Task prompt: From the records below, print only the part that opens with the line containing "Figure 3. Twenty-first" and closes with the line containing "A yellow Wild"; omit the pictures.

Extracted material:
....
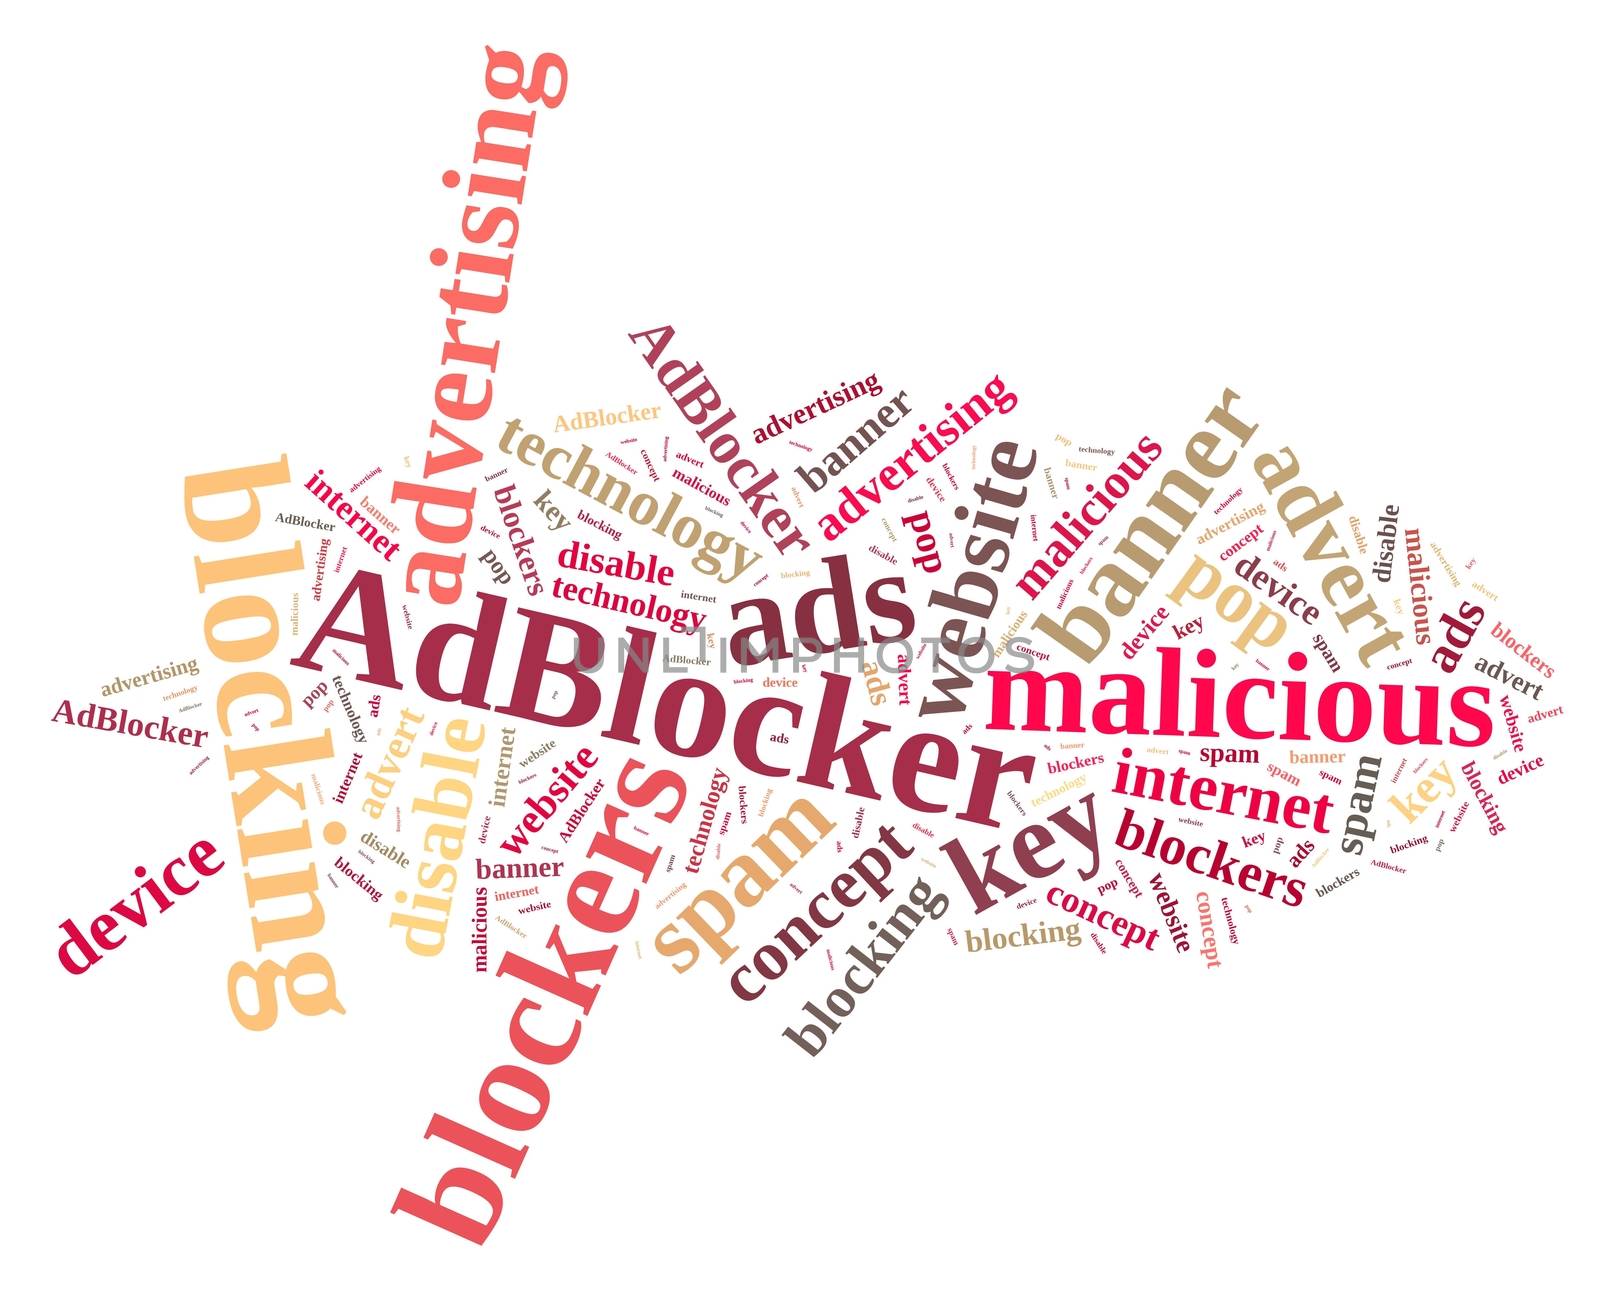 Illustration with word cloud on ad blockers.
....
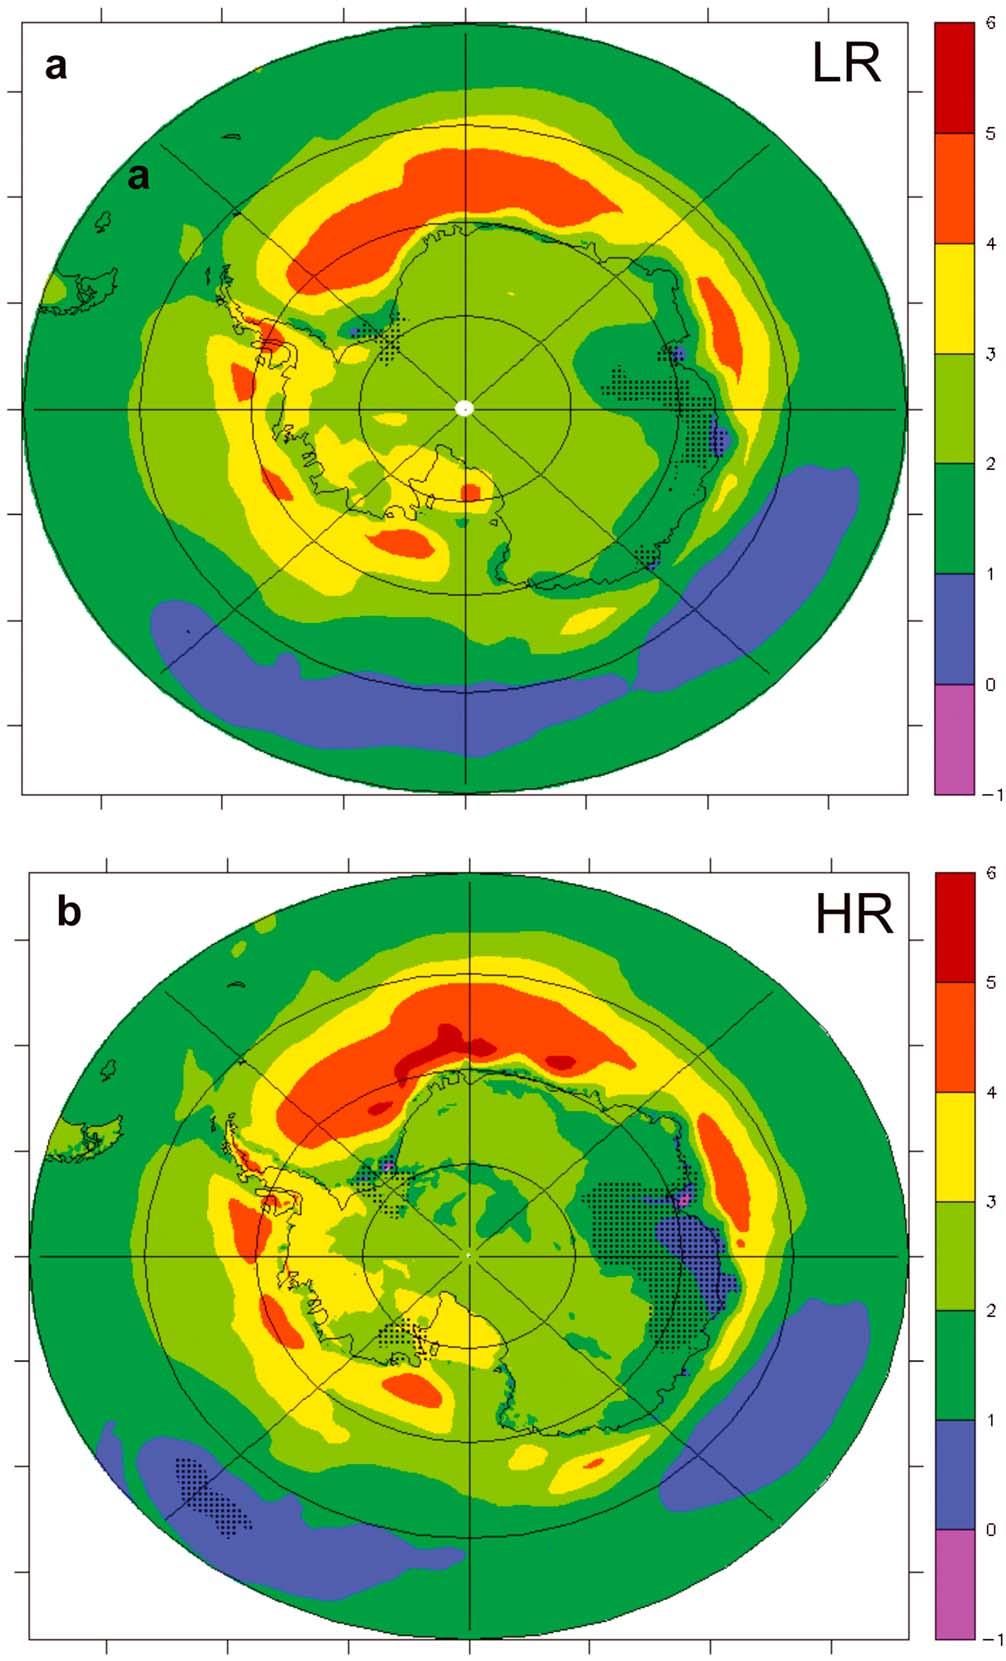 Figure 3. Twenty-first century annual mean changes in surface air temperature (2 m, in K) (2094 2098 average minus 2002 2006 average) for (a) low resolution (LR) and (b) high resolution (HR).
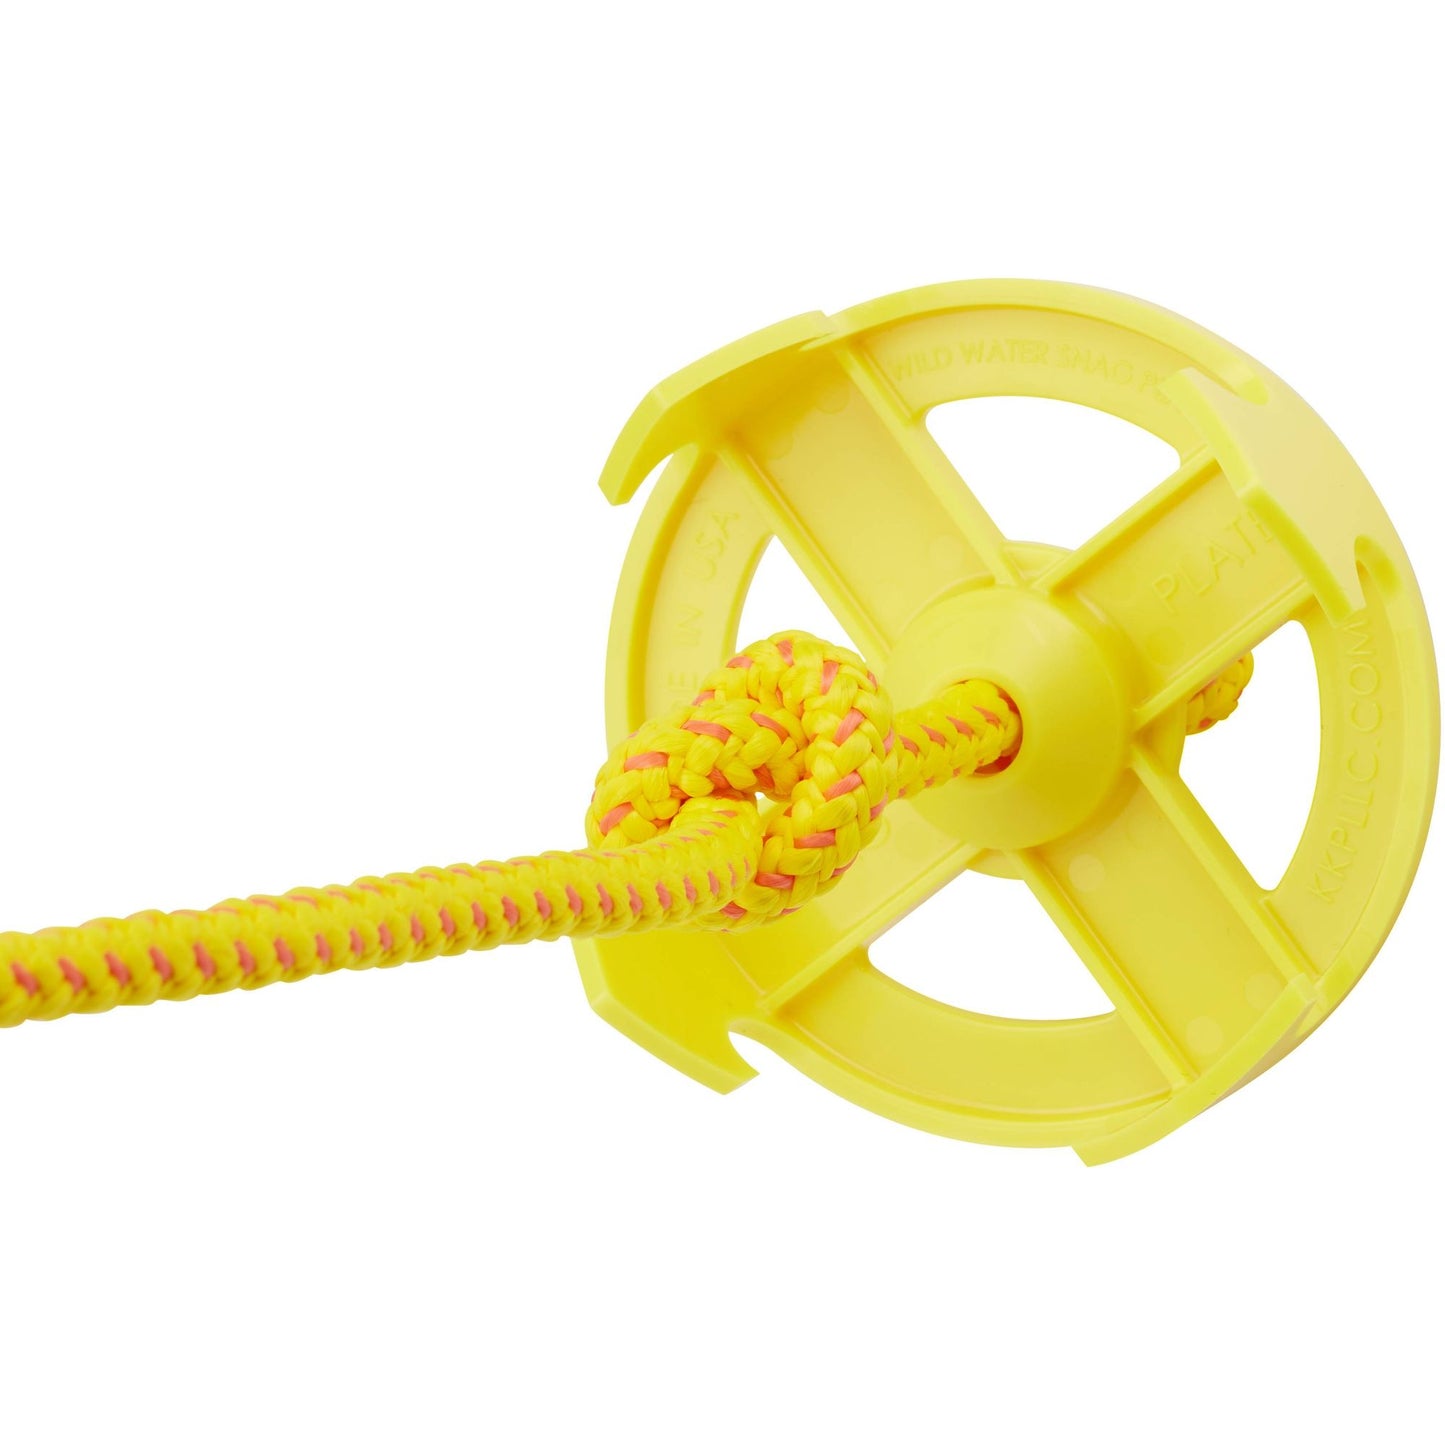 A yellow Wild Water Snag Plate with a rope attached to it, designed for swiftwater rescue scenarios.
....
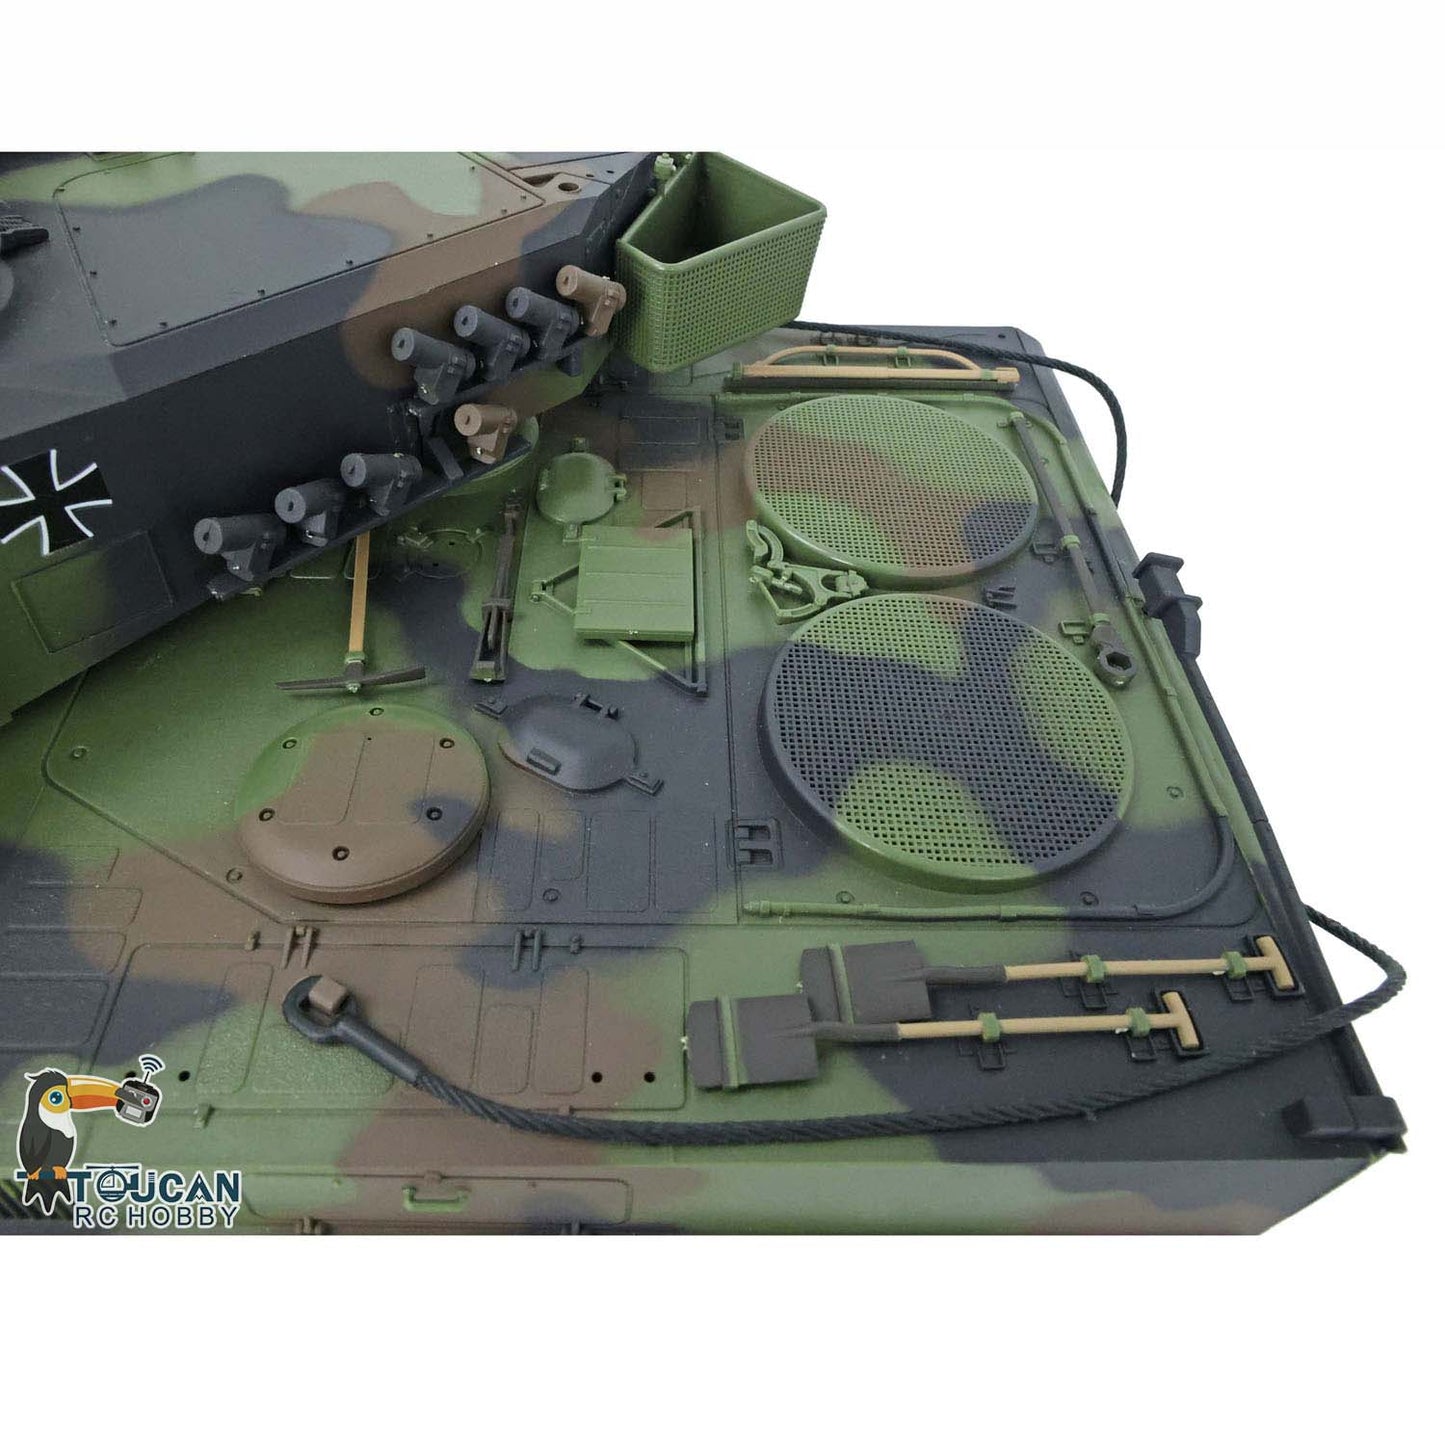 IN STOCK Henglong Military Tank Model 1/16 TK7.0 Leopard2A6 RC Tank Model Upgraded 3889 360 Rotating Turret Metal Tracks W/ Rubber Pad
....
Solution to this problem:
 Figure 3. Twenty-first century annual mean changes in surface air temperature (2 m, in K) (2094 2098 average minus 2002 2006 average) for (a) low resolution (LR) and (b) high resolution (HR).
 A yellow Wild Water Snag Plate with a rope attached to it, designed for swiftwater rescue scenarios.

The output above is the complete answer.